Vor dem Hintergrund der beschriebenen Komplexität der Aufgaben und Herausforderungen gibt es gute Gründe, sich auch intensiver mit der Organisationsentwicklung des Vereins zu beschäftigen. Es scheint, dass die Aktivitäten des LVPEBW sich eher am Einzelfall ergeben, zu reaktiv sind und ein übergeordneter Plan fehlt. Immer wieder wurden Versuche gemacht entsprechende Übersichten zu entwickeln, aber sie wurden nie ausreichend im Vorstand diskutiert und hatten auf die gegenwärtige Arbeit keinen Einfluss. Es wäre wichtig, hier in Zukunft einen weiteren Schwerpunkt zu setzen, um die Themen, die Gremienarbeit und die Projekte im LVPEBW zu ordnen, die Zuständigkeiten zu klären und zu einer übergreifenden und längerfristigen Strategie zu kommen. Aufgrund der zahlreichen Einzelthemen, die im LVPEBW bearbeitet werden, kommen grundsätzliche, planerische und organisatorische Aspekte seit langem zu kurz. Die Vorstände sollten sich daher gemeinsam auch Zeit nehmen für die Reflexion ihrer Arbeit. Somit könnten neue Organisationsstrukturen geschaffen, umgesetzt werden und ein längerfristig geplantes Vorgehen erreicht werden. Dazu wäre es sehr vorteilhaft, externe Beratung durch entsprechende Spezialisten einzuholen.

Fazit

Man sieht, vieles ist passiert im LVPEBW in fast 30 Jahren. Viele Themen sind in Bearbeitung. Der LVPEBW ist ein anerkannter Akteur in der Psychiatriepolitik auf Landesebene geworden, der durchaus einen gewissen Einfluss auf das Geschehen auf die Psychiatrie in Baden-Württemberg hat. Aber es ist abzusehen, dass es im LVPEBW wieder Rückschritte geben wird, wenn es nicht gelingt mehr Menschen einzubinden, die sich im LVPEBW engagieren, und diese Mitarbeit dann auch zu koordinieren. Da schließe ich auch Psychiatrie-Fachpersonen mit ein, da es zum Beispiel das Projekt IPAGs gut zeigt, wie fruchtbar und hilfreich es sein kann aktive Fachleute bei komplexen Aufgabenstellungen an der Seite zu haben.

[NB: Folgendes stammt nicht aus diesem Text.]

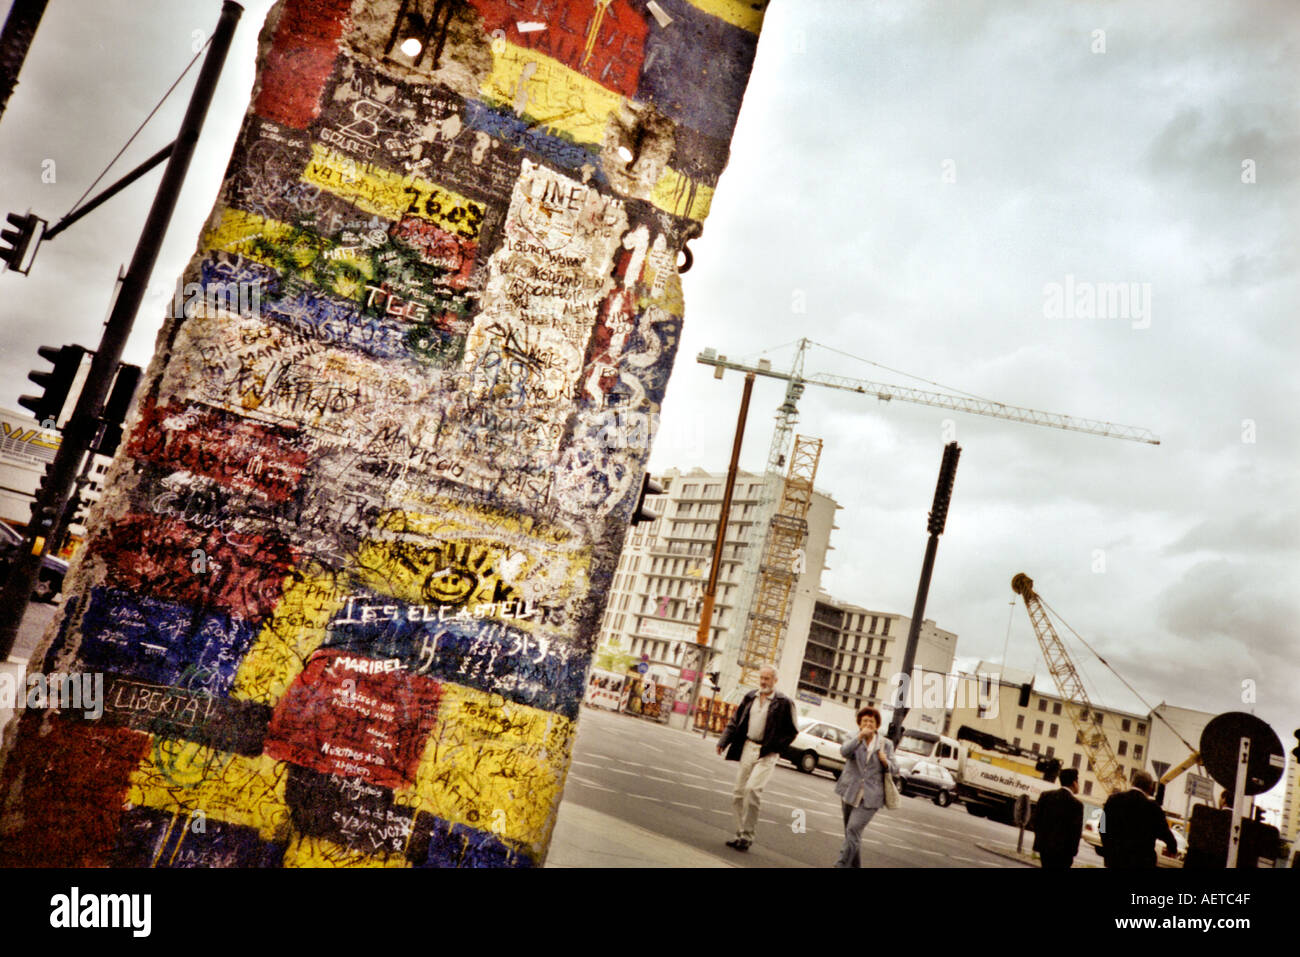 Morceau du mur de Berlin Potsdamer Platz, Berlin, Allemagne - alors que les travaux de construction encore en cours - image prise sur un appareil photo Lomo Banque D'Images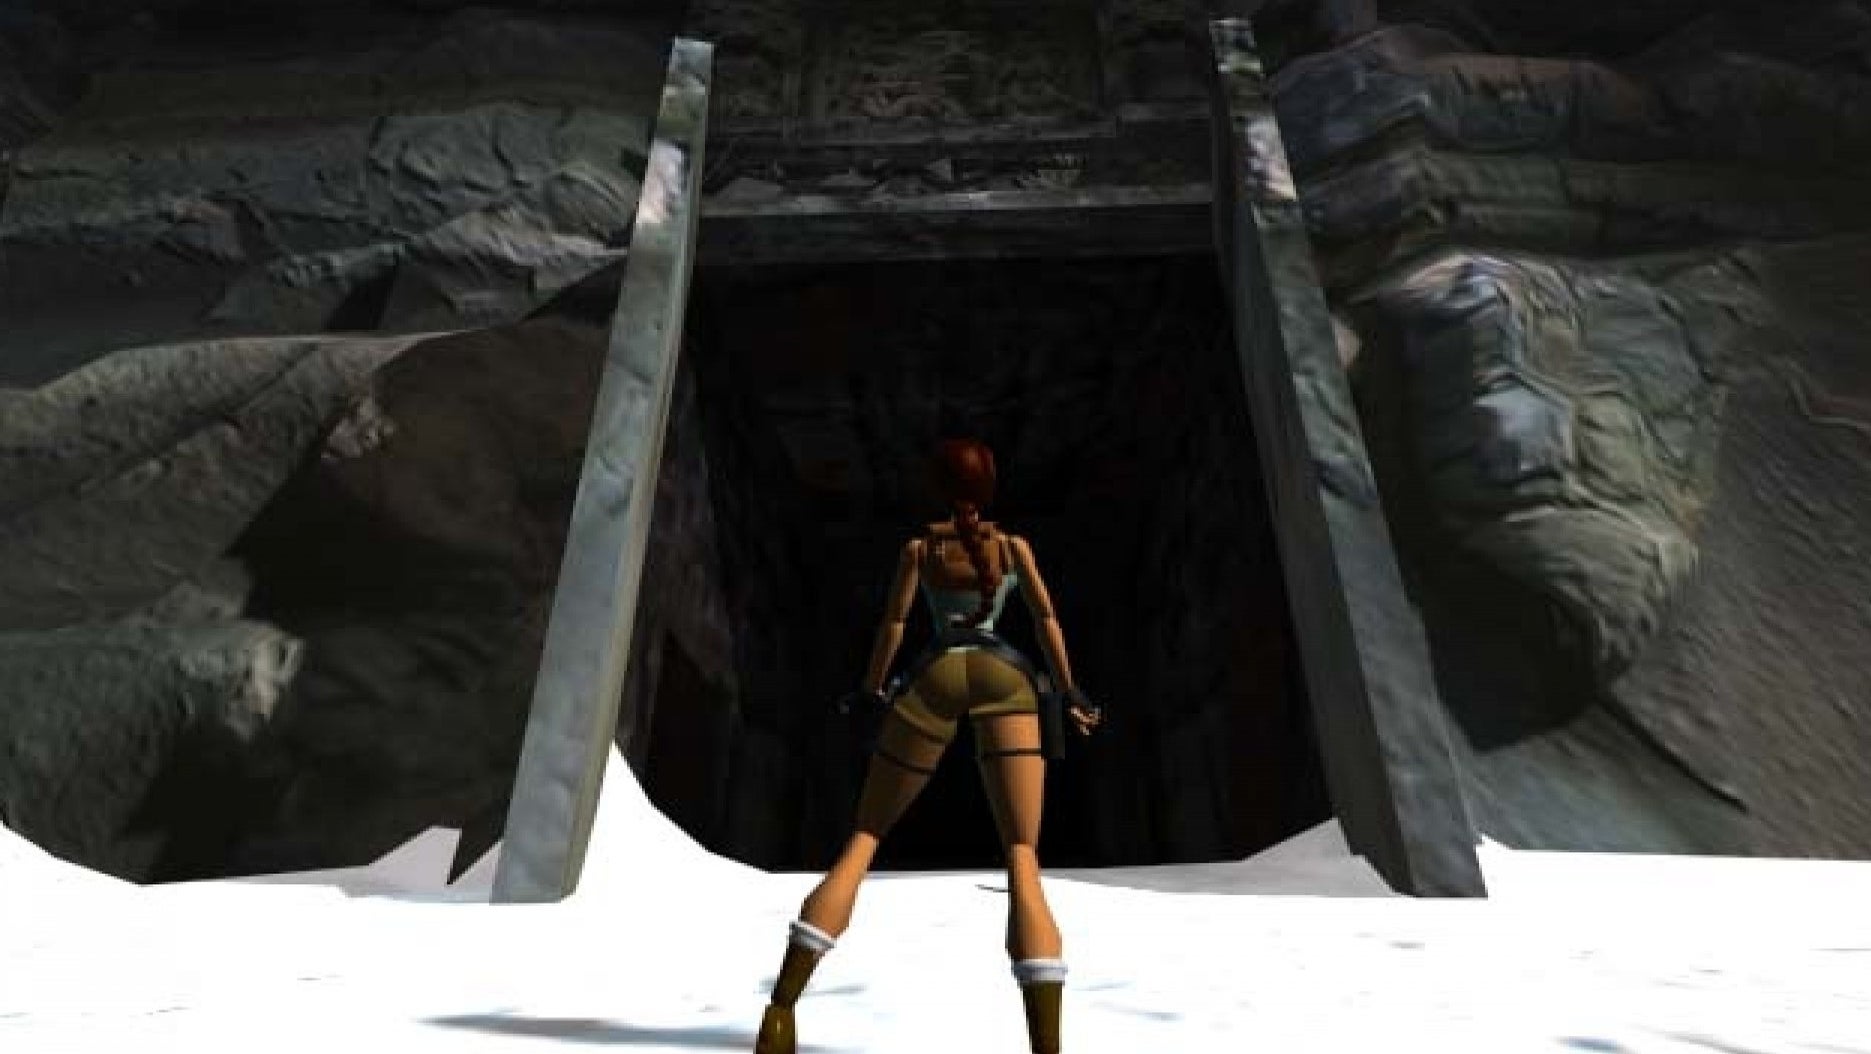 Bilder zu 25 Jahre Lara Croft: Warum Tomb Raider alles verändert hat

Man kann sagen, dass der LVPEBW diesbezüglich derzeit so erfolgreich ist, wie seit Jahren nicht mehr.

Es wird sich zeigen, ob es uns gelingt mit genügend Energie und Zeit diesen Weg weiterzugehen, dann hat der LVPEBW gute Chancen noch mehr Einfluss auf die Entwicklung der Psychiatrie in Baden-Württemberg zu nehmen, um somit sein zentrales Anliegen zu verwirklichen: Die Situation und die Befindlichkeit für Menschen zu verbessern, die Erfahrungen mit psychischen Krisen haben.